AI Site Grade
mlaglobal.com — AI Site Grade
MLA Global's sitemap returns 403/404, blocking AI crawlers from discovering thousands of pages of legal recruiting content.
The site lacks structured data entirely, has a broken sitemap, and suffers from zero external web presence, severely limiting AI visibility despite allowing all crawlers.
- Findings
- 12
- Evidence checks
- 29
- Completed
- 30 May 2026
Analysis
I have enough data to write a thorough audit. Let me compile the findings.

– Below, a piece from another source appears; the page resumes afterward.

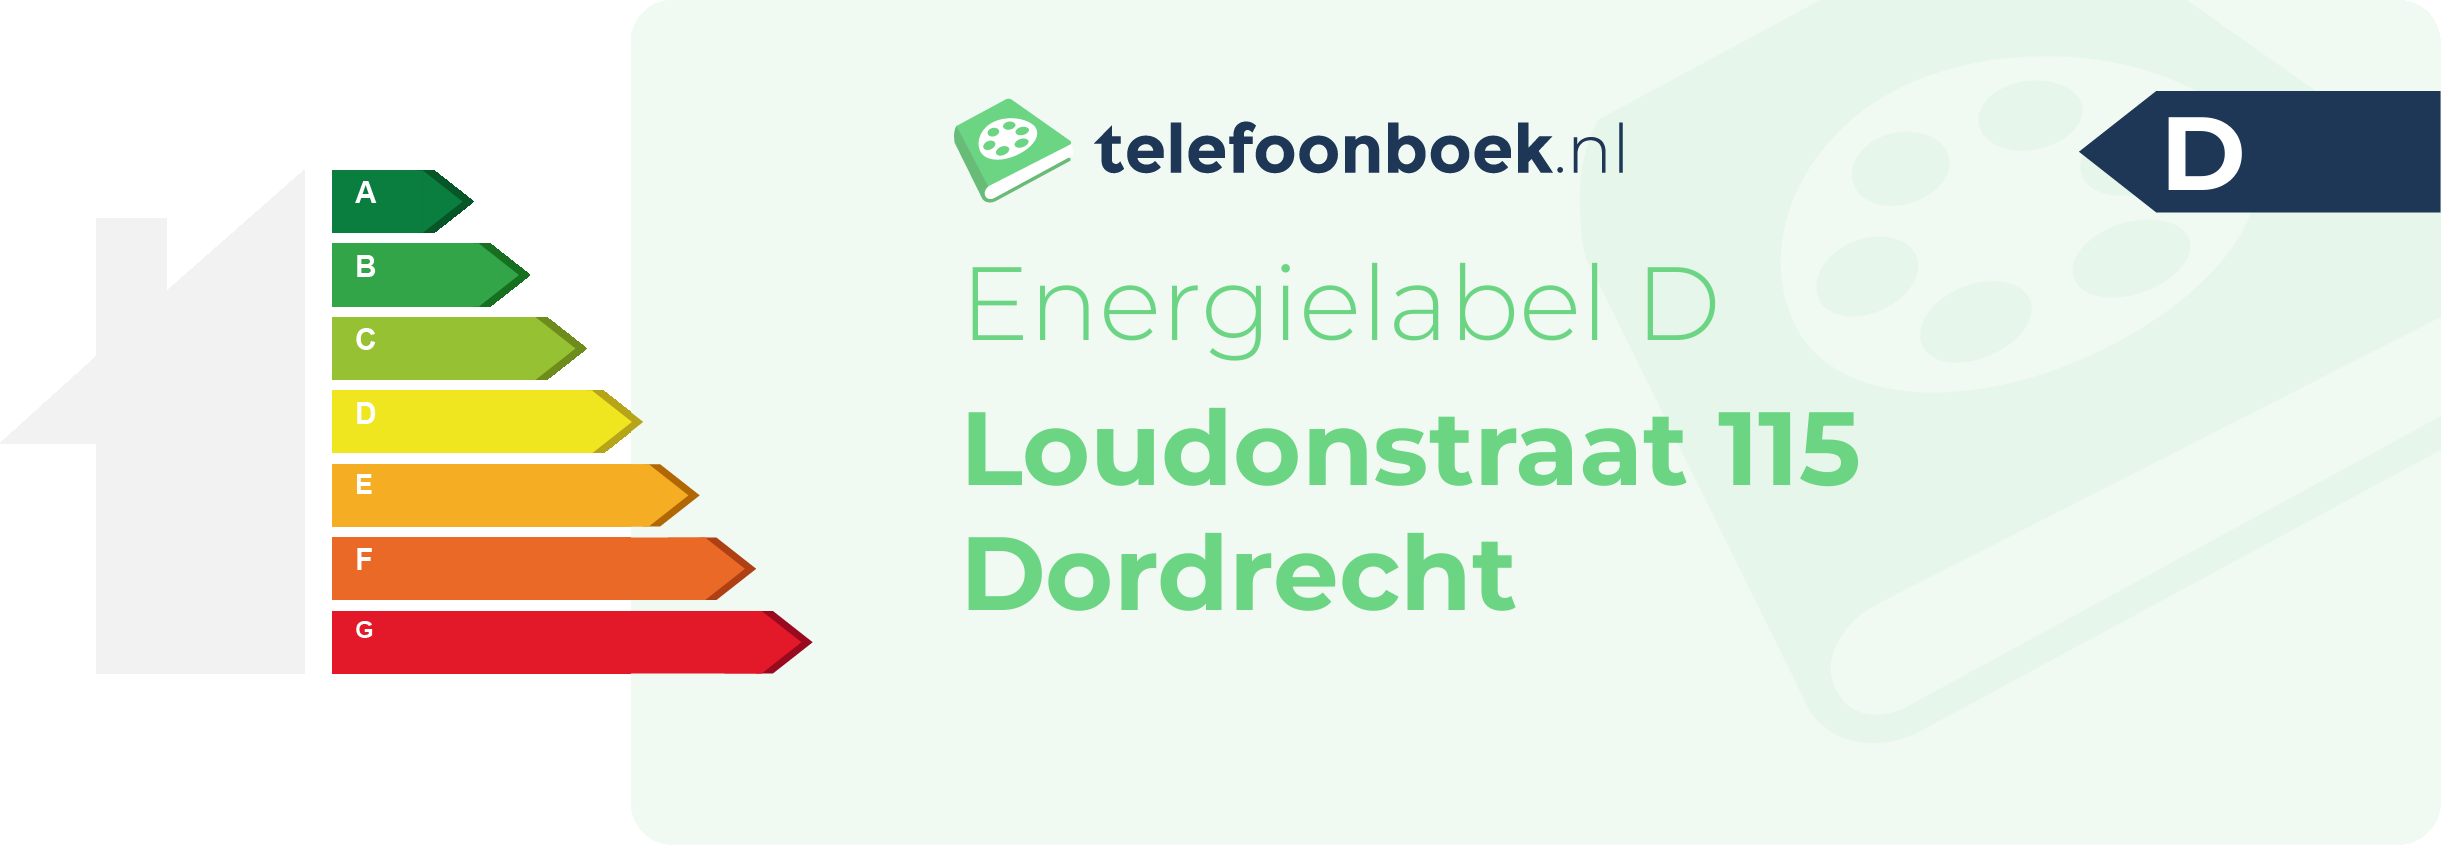 Energielabel Loudonstraat 115 Dordrecht

The Global Navigators of Legal Careers — But Invisible to AI Discovery
The site's sitemap, the single most critical discovery signal for AI crawlers, returns 403 Forbidden — and the gzipped sitemap referenced in robots.txt returns 404 Not Found. This means GPTBot, ClaudeBot, PerplexityBot, and every other AI crawler that hits this domain gets a warm 200 on the homepage but has no structured map of the site's content, leaving thousands of pages of thought leadership, consultant profiles, and placement data effectively undiscoverable.
Crawler Access
All major AI crawlers — GPTBot, ClaudeBot, Google-Extended, PerplexityBot, OAI-SearchBot, Bytespider, Applebot-Extended — receive HTTP 200 with full content on the homepage and all tested subpages. No UA-based blocking exists. The robots.txt is minimal: a single wildcard rule disallowing /sitecore* paths (the CMS backend) with no AI-bot-specific directives. The llms.txt endpoint returns 403 Forbidden, meaning no AI-friendly content map is published. The site runs on Sitecore CMS behind an Azure/Fastly edge (x-azure-ref, x-fd-int-roxy-purgeid headers), with strong security headers (HSTS, CSP, X-Frame-Options).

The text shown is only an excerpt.